Они поднимаются на плоскую вершину холма. Черная листва деревьев, слишком редких. Скамейки попадаются, но недостаточно защищенные и слишком просматриваемые с улицы и из окон Суворовского училища. Справа гасит окна, погружаясь в свою грузную черноту, памятник эпохи монструозности. Вавилонская башня, возведенная до третьего уступа. Театр оперы и балета. Cо школьным культпоходом когда-то пришлось и ему побывать в этом сусальном царстве фальши:
О дайте, дайте мне свободу
Я свой позор сумею искупить...
Они выходят за ограду.
Газовые лампы озаряют Коммунистическую.
Ни души.
Сплошной фасад жилых домов обращен к улице, на противоположной стороне которой находится здание повышенной секретности. Тоже памятник сталинизма, только позднего. Этакий местный Акрополь – Главный штаб округа. За чугунной оградой, за сплошной стеной непроходимой туи, под листвой бесшумно скользят навстречу друг другу тени часовых.

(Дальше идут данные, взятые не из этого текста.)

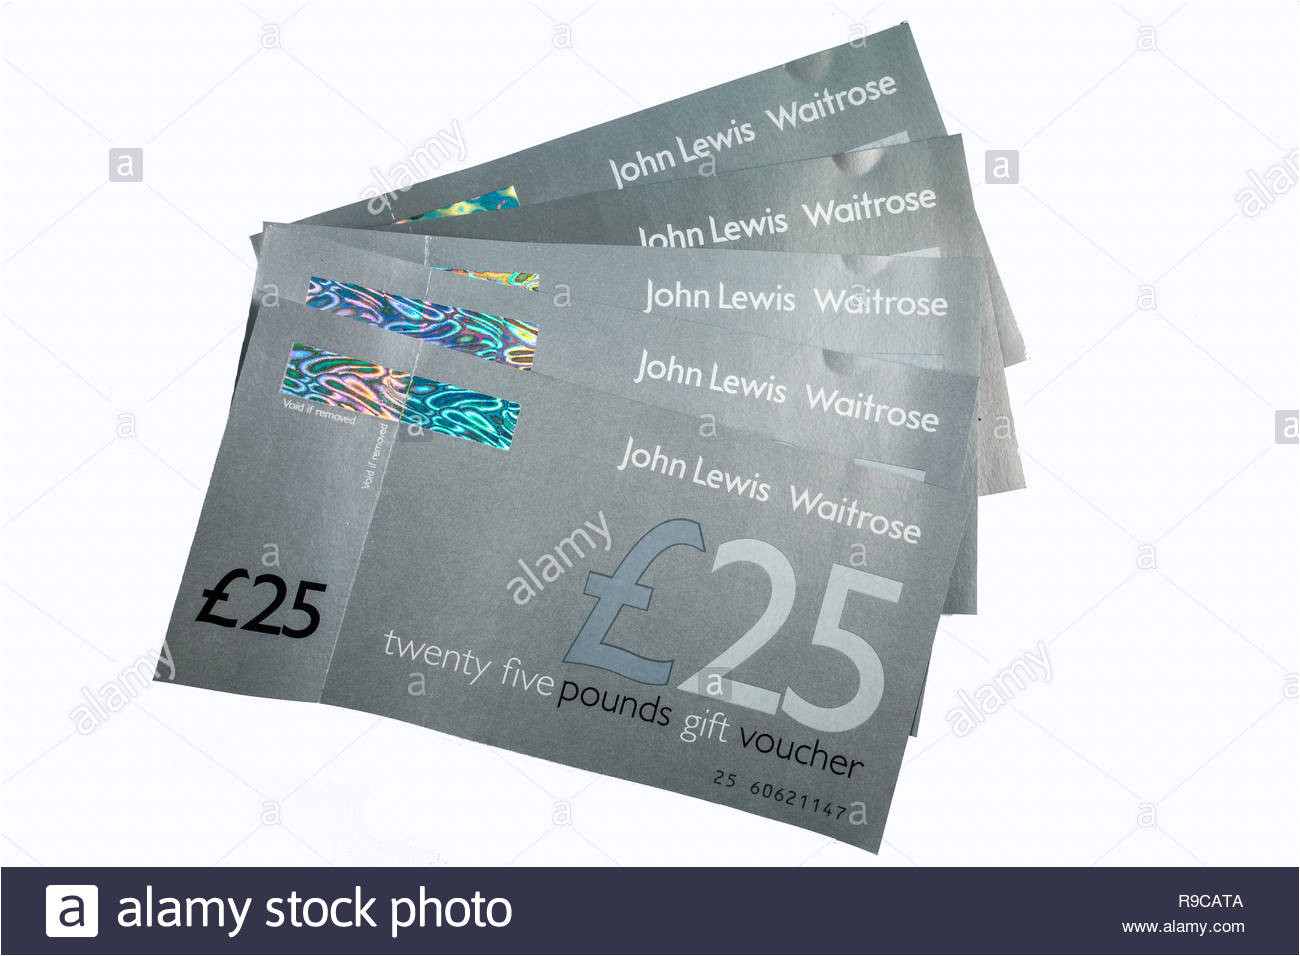 john lewis and waitrose gift vouchers given as a reward for spending on the jlp partnership credit card r9cata jpg

Не сговариваясь, идут к ее дому. Балкон ее на третьем этаже. Занавешенное мерцание от телевизора. Она переходит на шепот и сдерживает стук каблучков, хотя балкон и малопосещаем.
Тремя этажами ниже само время припаяло к дому уникальную телефонную будку. Повсюду в городе прозрачные кабинки, за стеклами которых многого не позволишь. Но чудом недосмотра оставлен им этот сталинский гардероб.
Он пропускает ее вперед.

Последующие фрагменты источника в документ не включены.